**Requirement**. Once you reach the line with "2021 새로운 도착" in the material below, copy each line exactly up to and including the line with "Mastercardの画像", and skip the pictures.

**Dataset extract**.
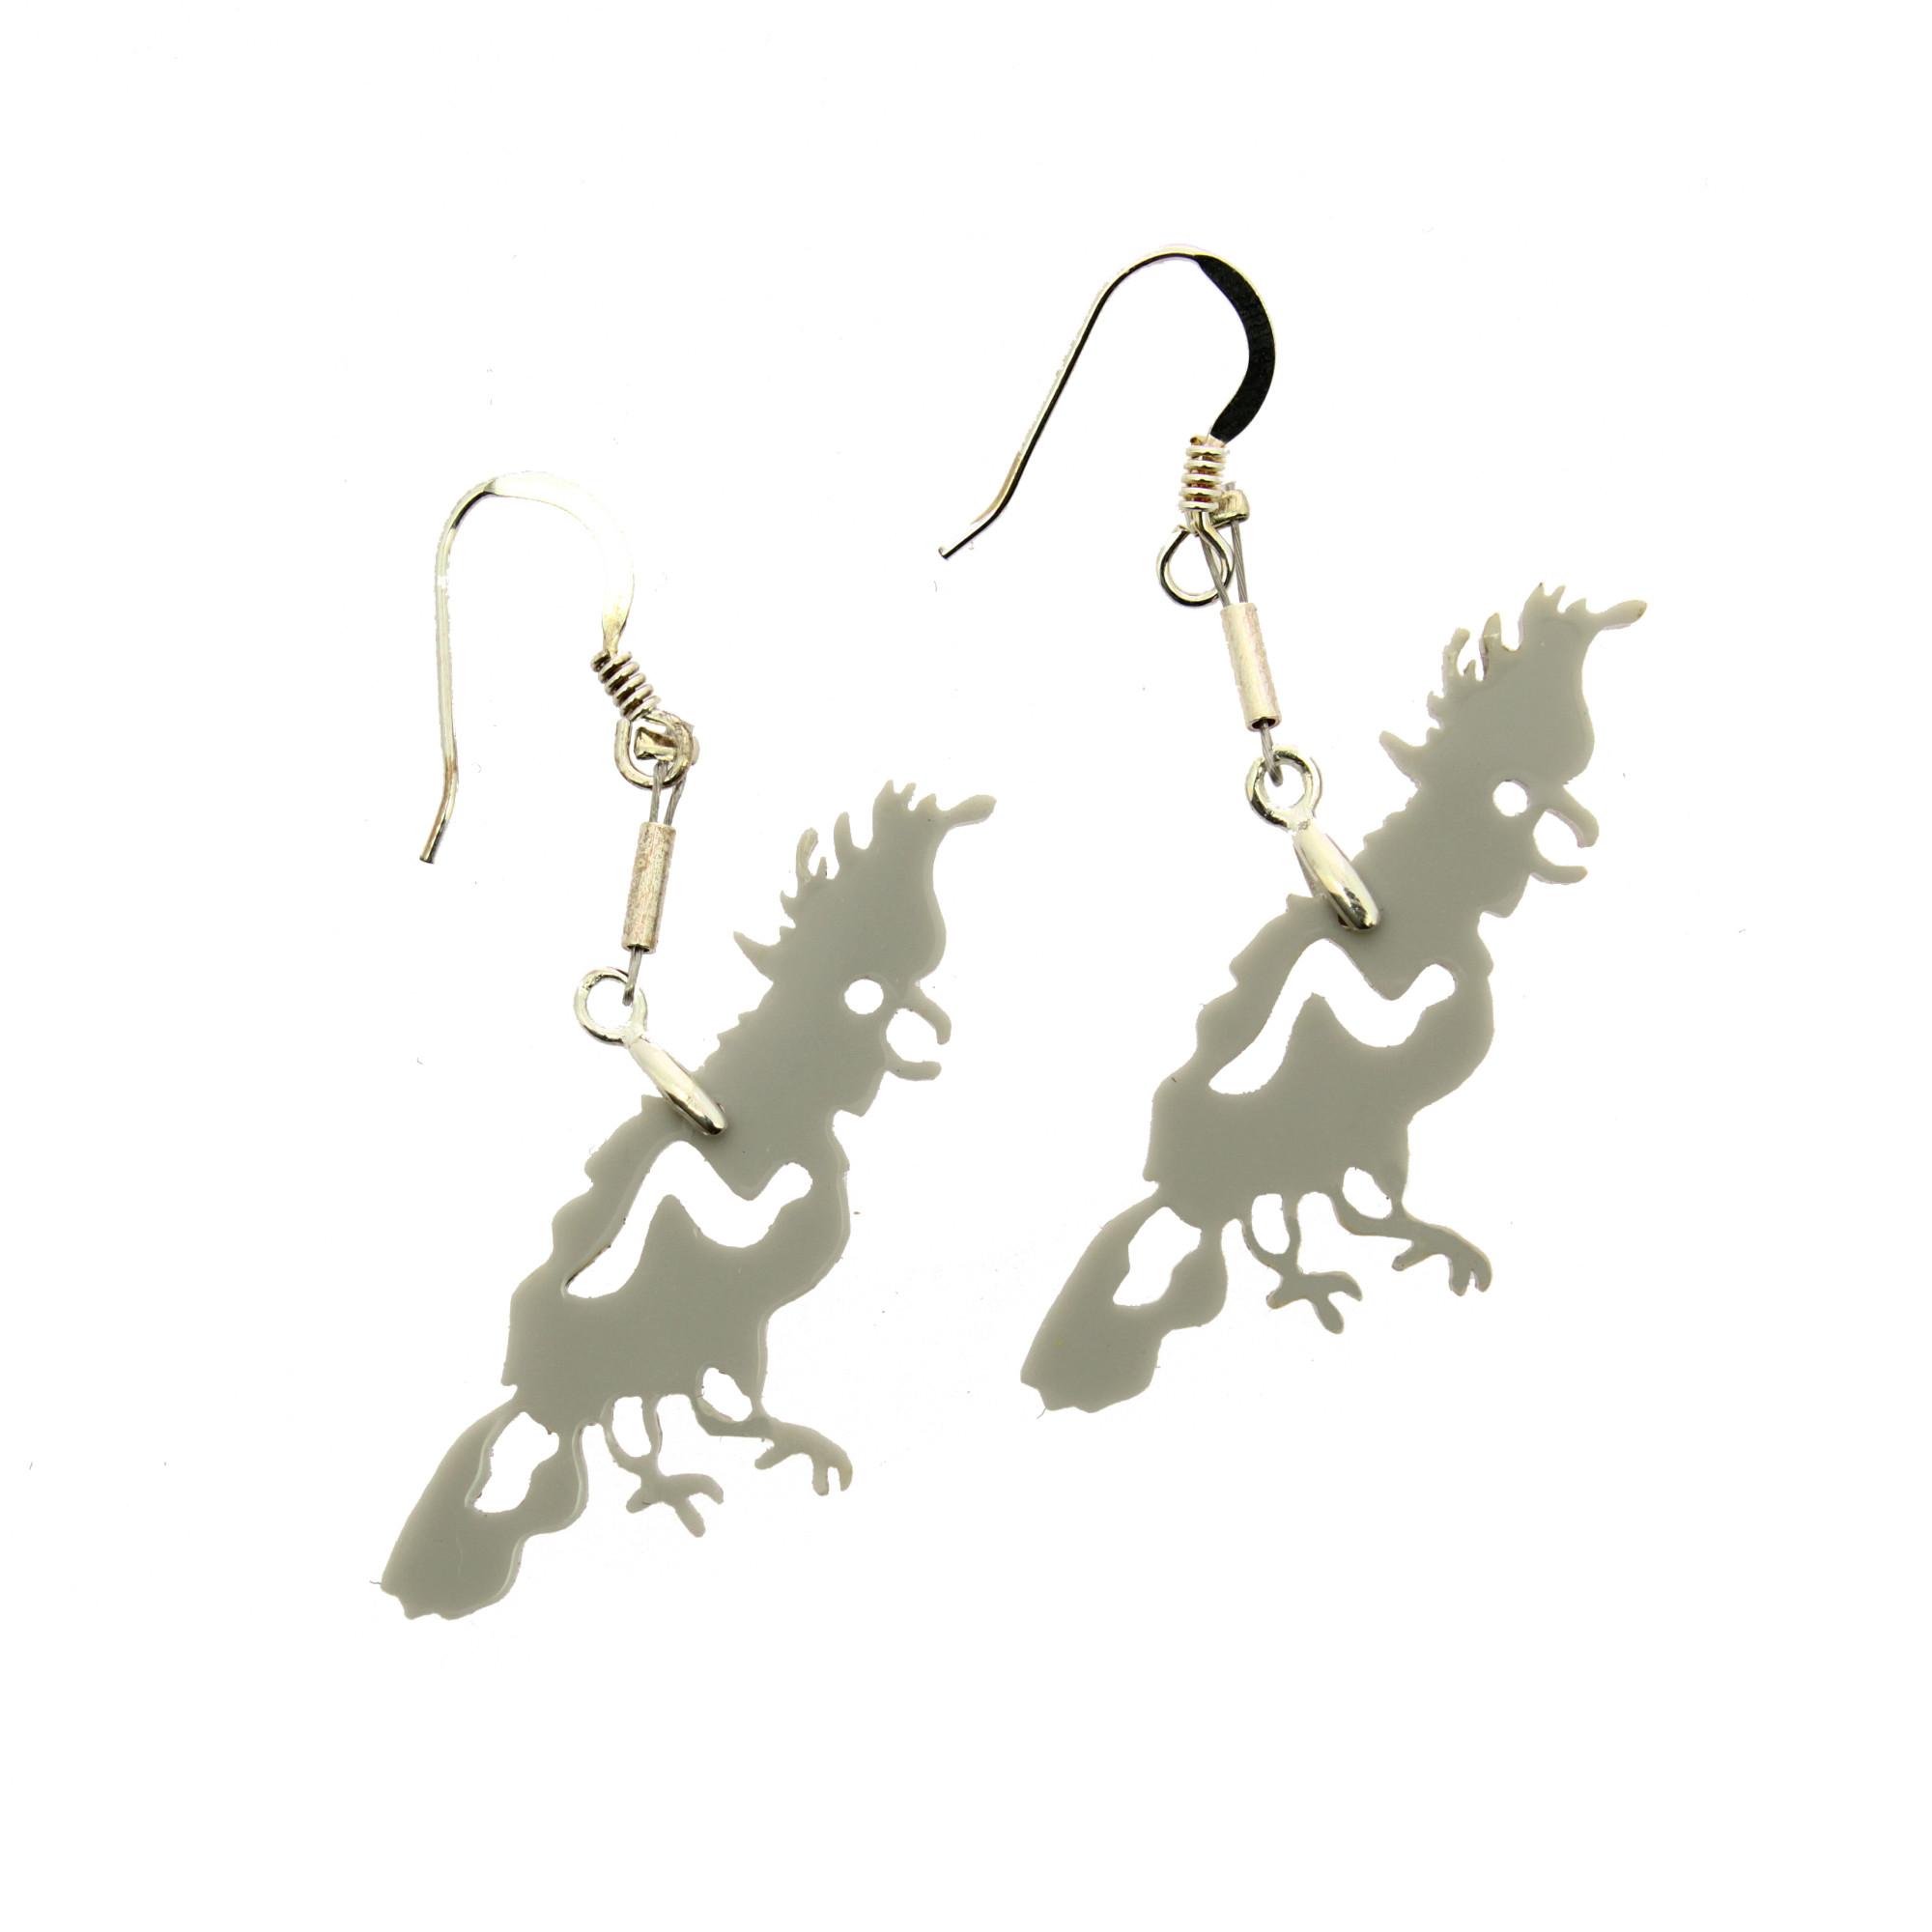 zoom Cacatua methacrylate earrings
---
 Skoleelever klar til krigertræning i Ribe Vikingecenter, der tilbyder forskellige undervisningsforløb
==
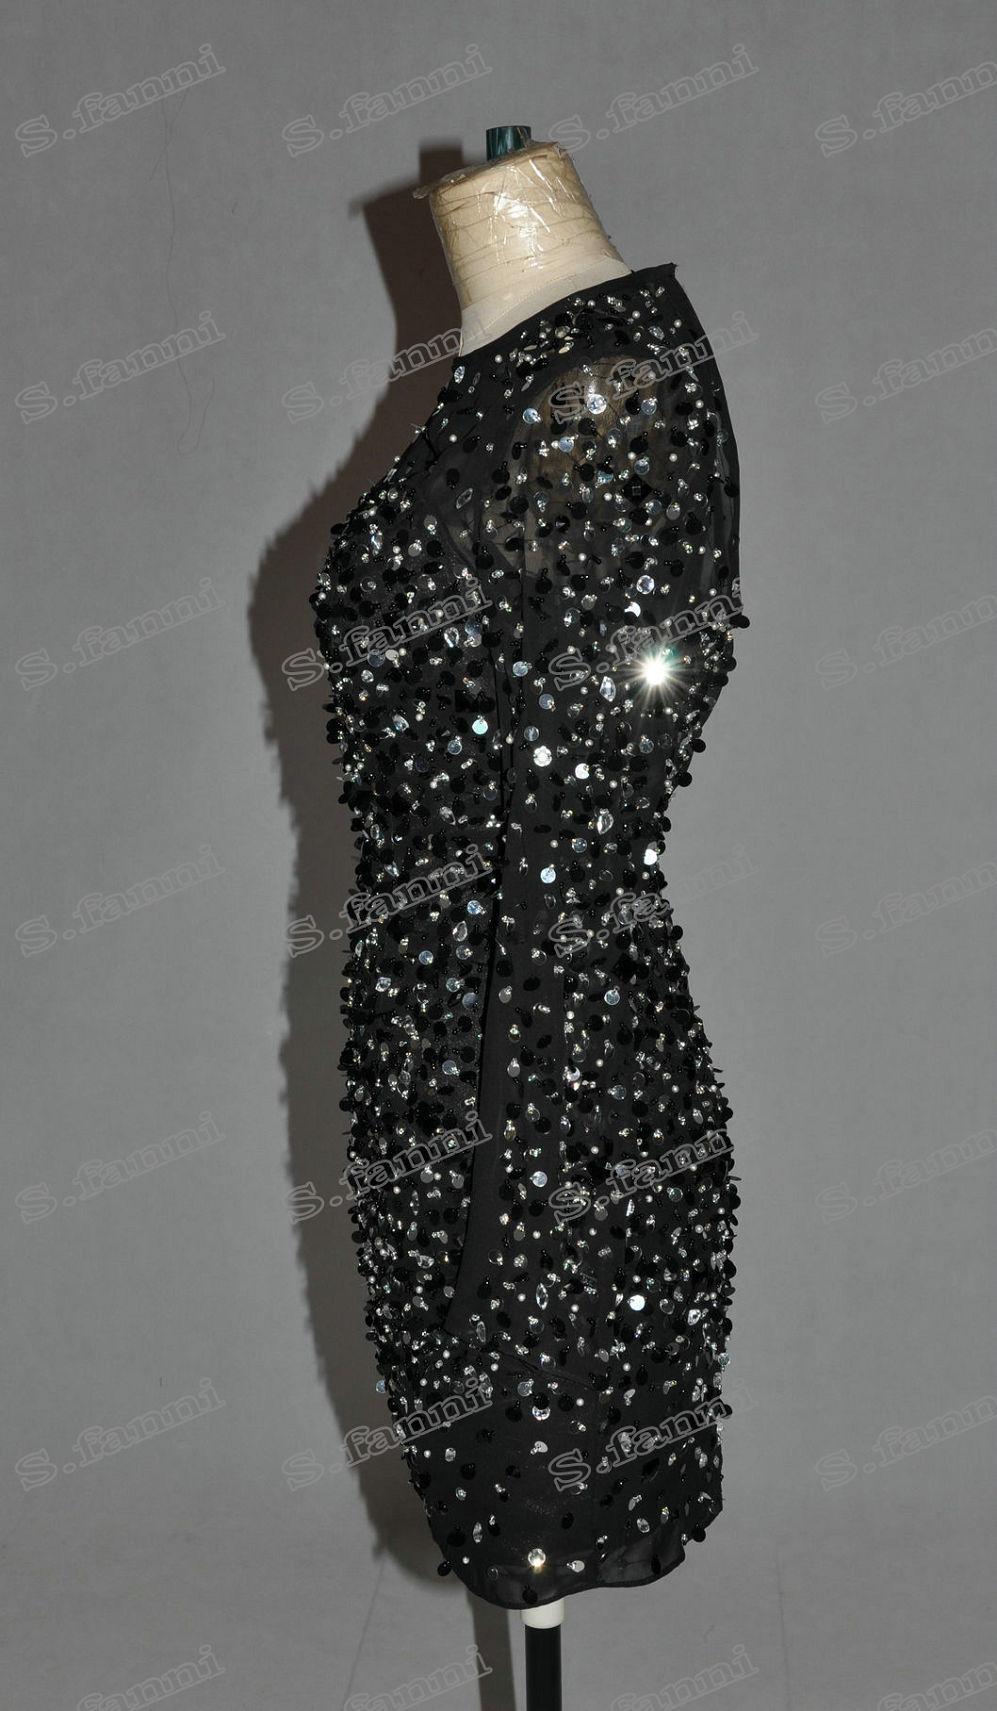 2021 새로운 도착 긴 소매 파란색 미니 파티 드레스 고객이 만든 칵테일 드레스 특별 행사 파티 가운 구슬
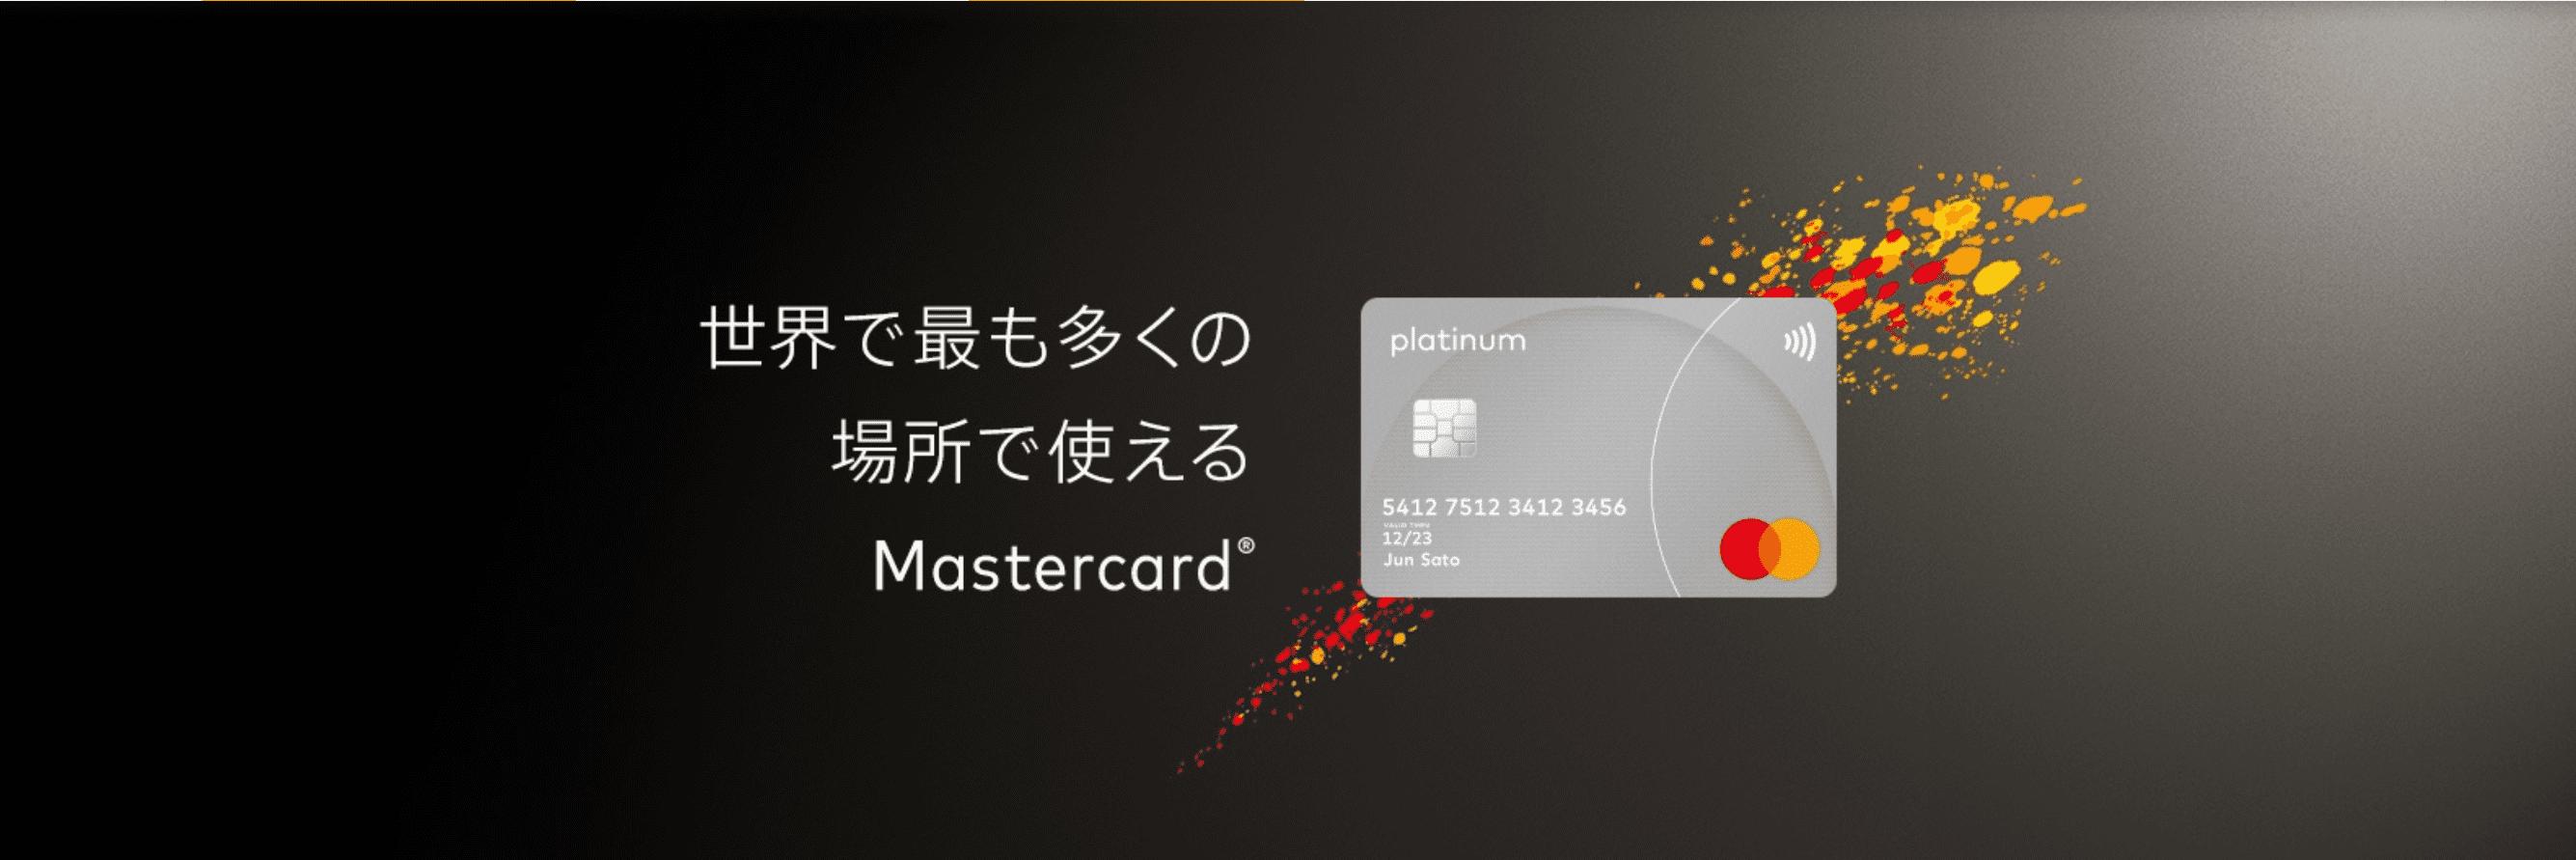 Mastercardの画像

**Expected answer**.
 2021 새로운 도착 긴 소매 파란색 미니 파티 드레스 고객이 만든 칵테일 드레스 특별 행사 파티 가운 구슬
 Mastercardの画像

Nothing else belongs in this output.